Starts at 8 p.m. and all proceeds from the $8 ticket price will benefit
the shelter, which placed over 500 animals, all spayed and neutered, in
homes last year alone. It's dark pop for a really good cause and
remember, like Bob Barker says, please spay and neuter your pet.
Subversive art The MFA Film program is presenting POPaganda: The
Art & Crimes of Ron English, for a five-show engagement. POPaganda
is a documentary film detailing the life and work of Ron English,
guerilla artist, billboard bandit, post-pop pundit, post-punk
prankster, counter-cultural cartoonist, and a lot of other things
involving alliteration. He first gained a modicum of fame in 1982 for
surreptitiously reworking advertising billboards to criticize American
society (of course, risking arrest for his art). The film, by Pedro
Caravajal, himself an artist of the documentary, will be playing
through Feb. 12 at the Remis Auditorium, MFA. Tickets are $8 for MFA
members, seniors and students, $9 general admission.
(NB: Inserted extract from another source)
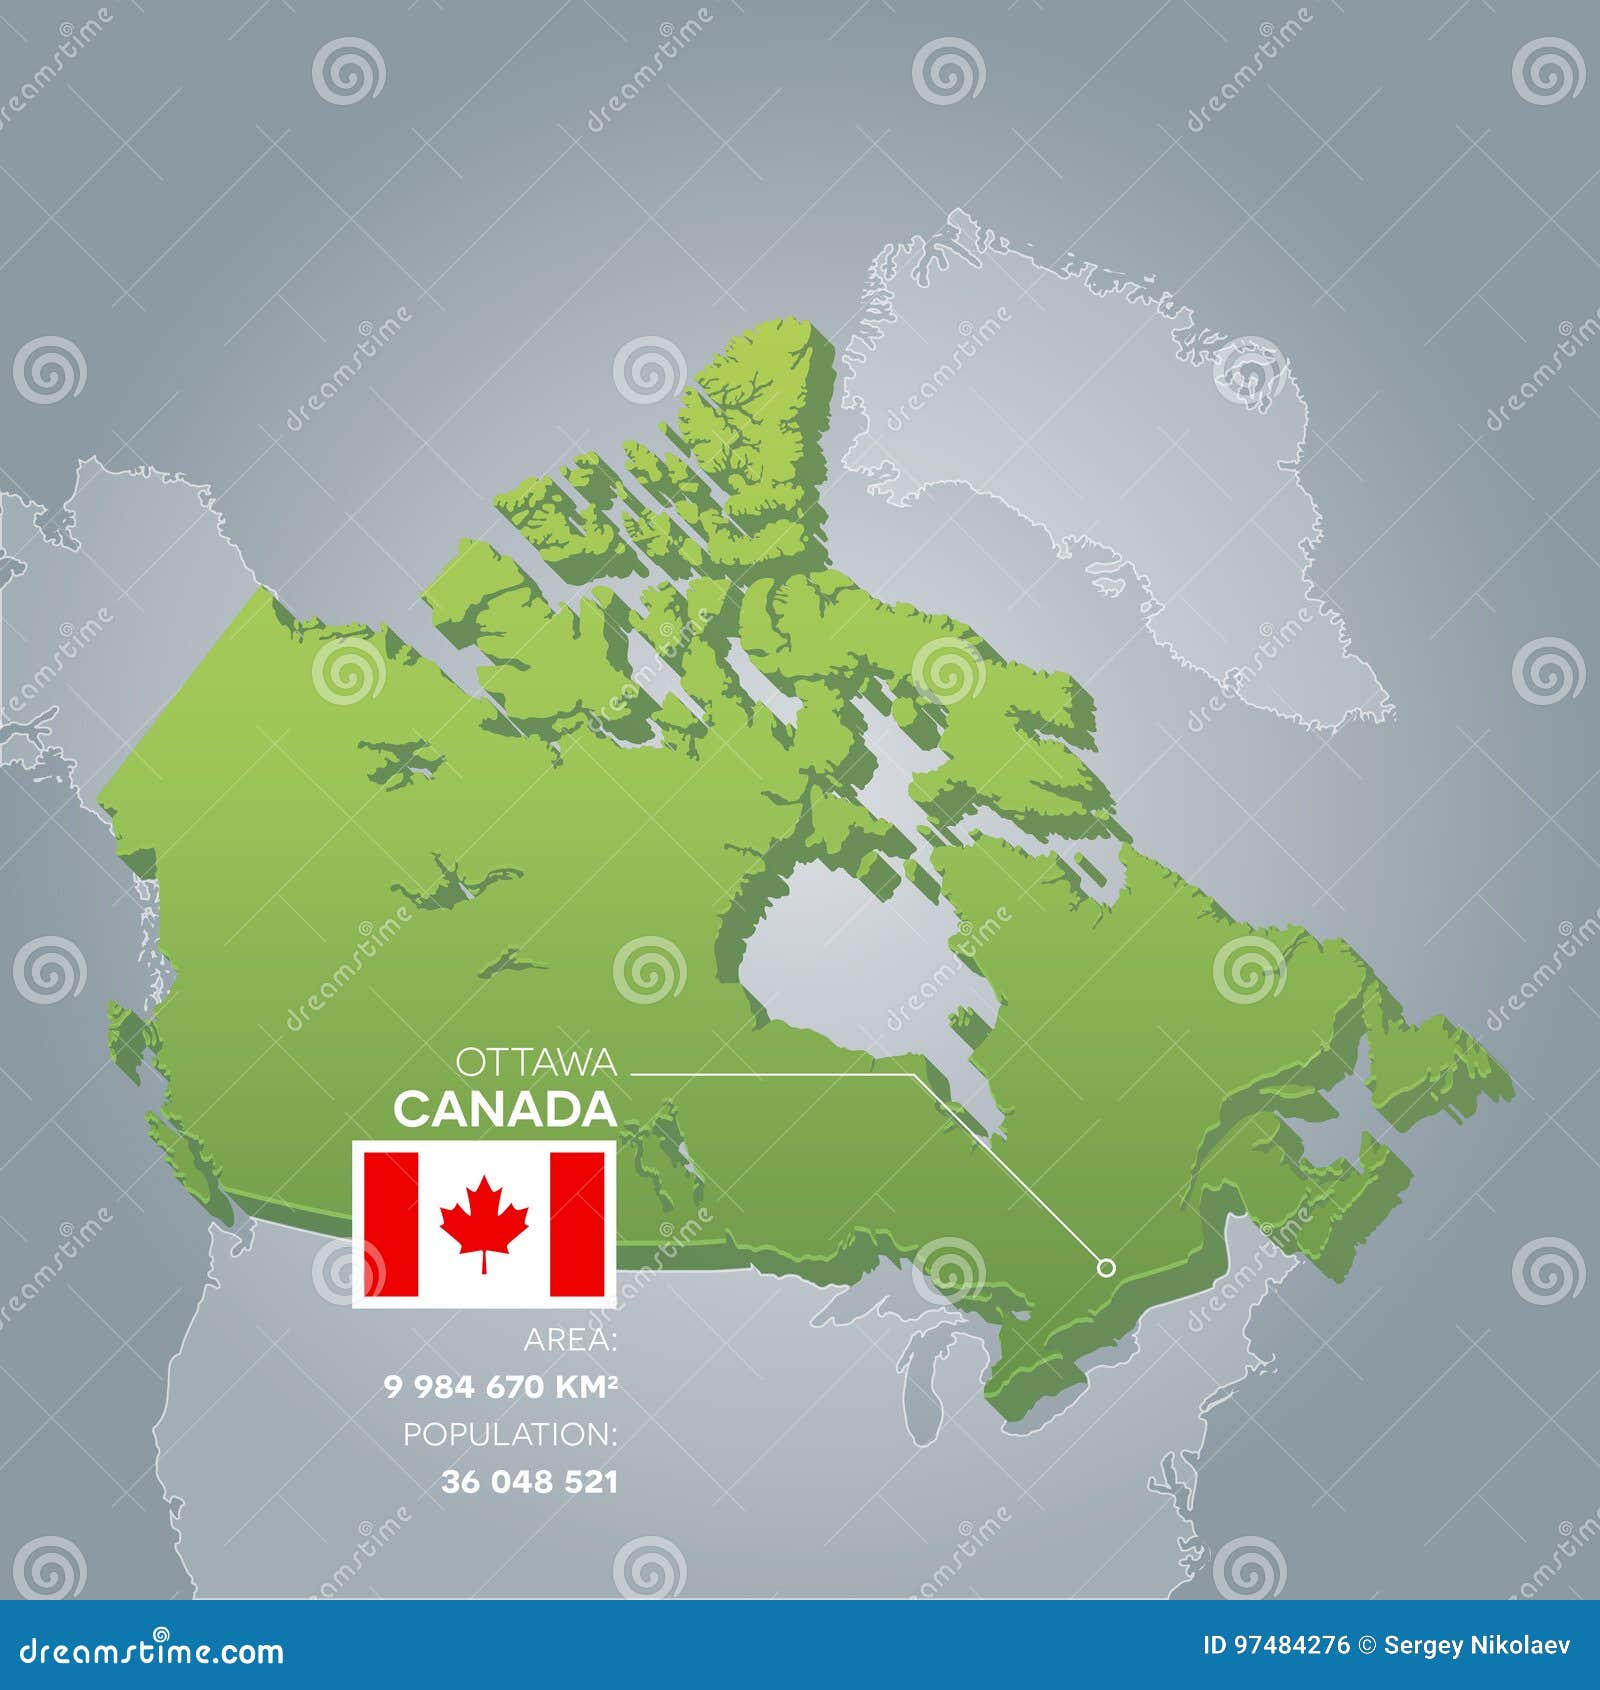 Канада 3. Карта Канады 3d. Рельеф Канады карта. Оттава на карте Канады. Карта Канады вектор.
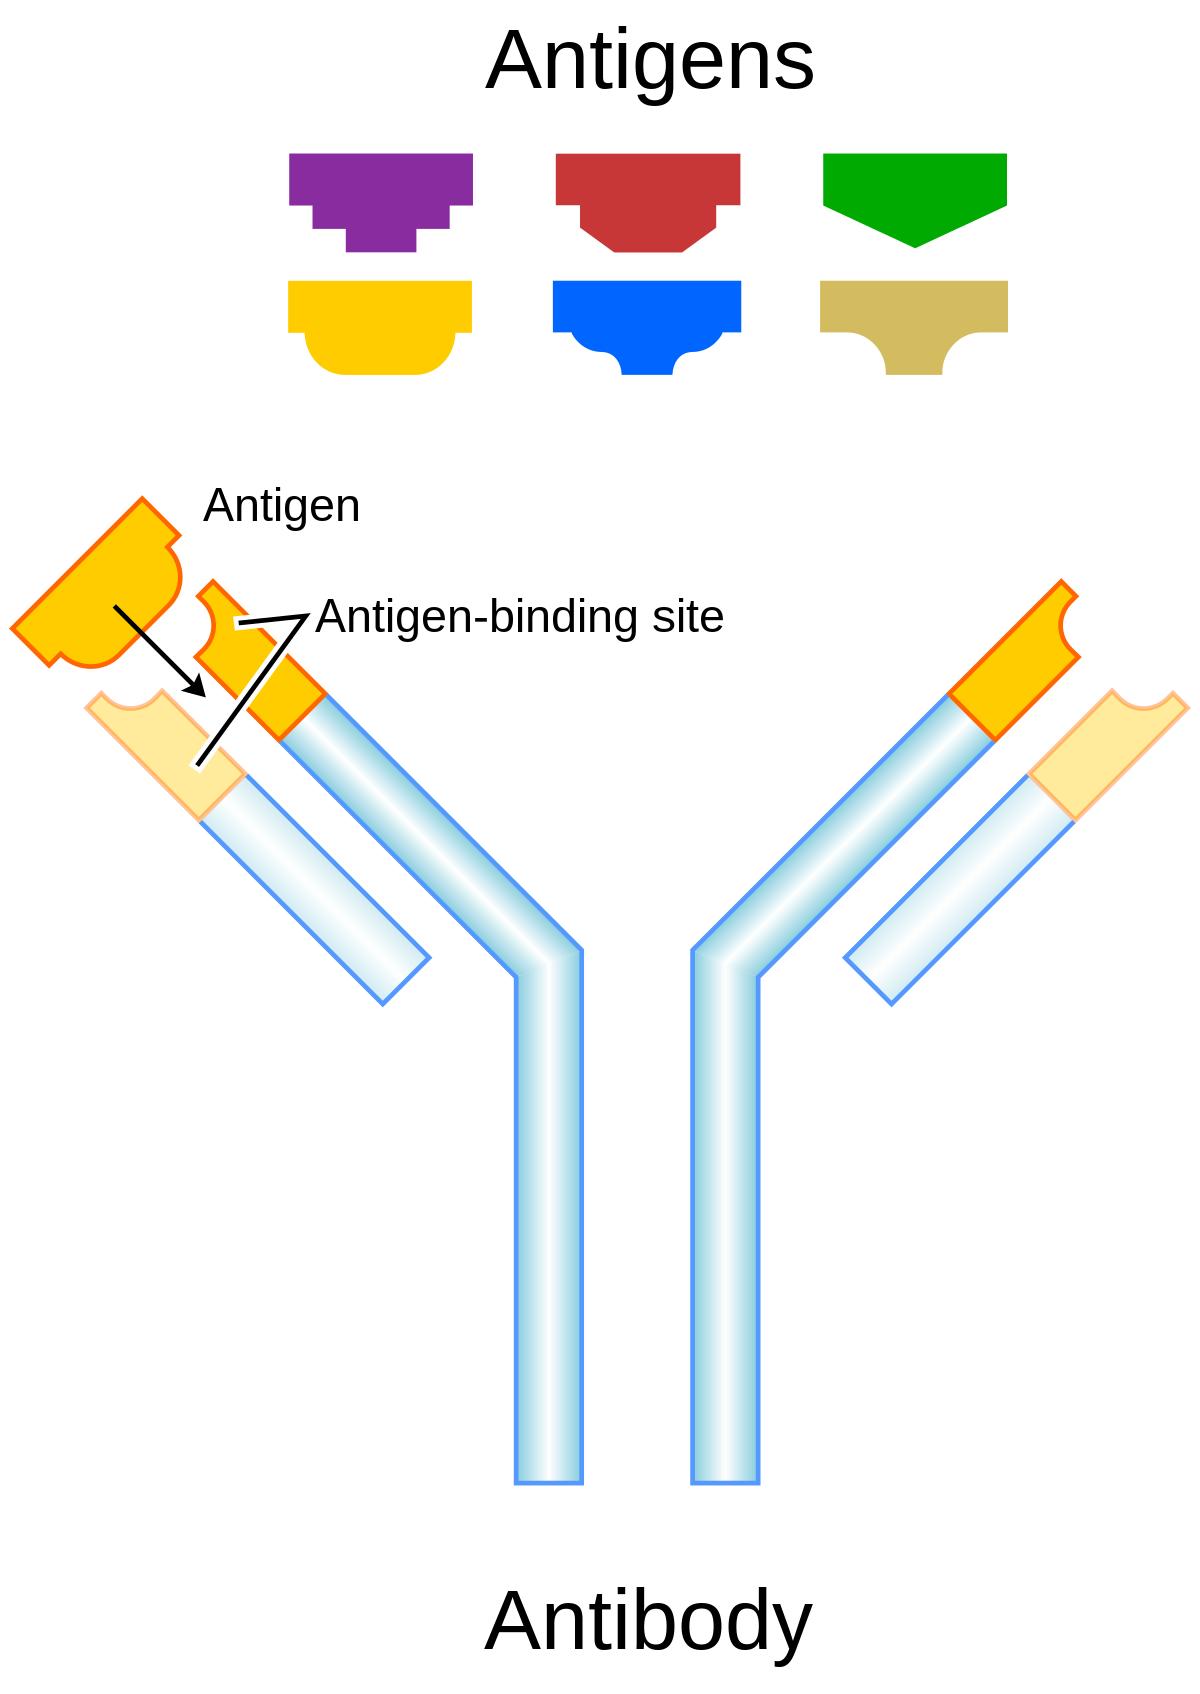 Antibody - Wikipedia

Call the Box
Office at 617.369.3306 for tickets.
February is Black History Month And in celebration of that, the
Bunker Hill Community College Art Gallery, fast becoming the most
interesting gallery on the block, will be presenting an art exhibit
titled "New Masters of Art," featuring the work from the
African-American Master Artists-in-Residence Program. Fourteen artists'
work will be represented, in painting, textile, photography, sculpture
and mixed media. Bunker Hill Community College Art Gallery is located
at 250 New Rutherford Ave., Charlestown, call 617.228.2093 for more
information. the exhibit runs through Feb. 25, and there'll be an
artists' reception Thurs., Feb. 17, 5:30 p.m., featuring jazz music by
Goddess Groove.
February 4
Friday
the unbearable queerness of being Opening tonight is a
retrospective of the past nine Artists in Research Residency at the
Berwick Research Institute, many of whom are queerish folk, including
arts scene (and just in general) darling Aliza Shapiro. The works run
the gamut of artistic expression, from sound and space to video and
performance, and will inhabit the Mills Gallery at the Boston Center
for the Arts, 539 Tremont St. Tonight, from 6 to 8 p.m., there will be
a chance to meet and greet the artists and to hear a gallery talk from
the curator at the reception. For more information, check out
www.berwickinstitute.org.
Divas, live! Ok, so it's not VH-1, but it just might be better.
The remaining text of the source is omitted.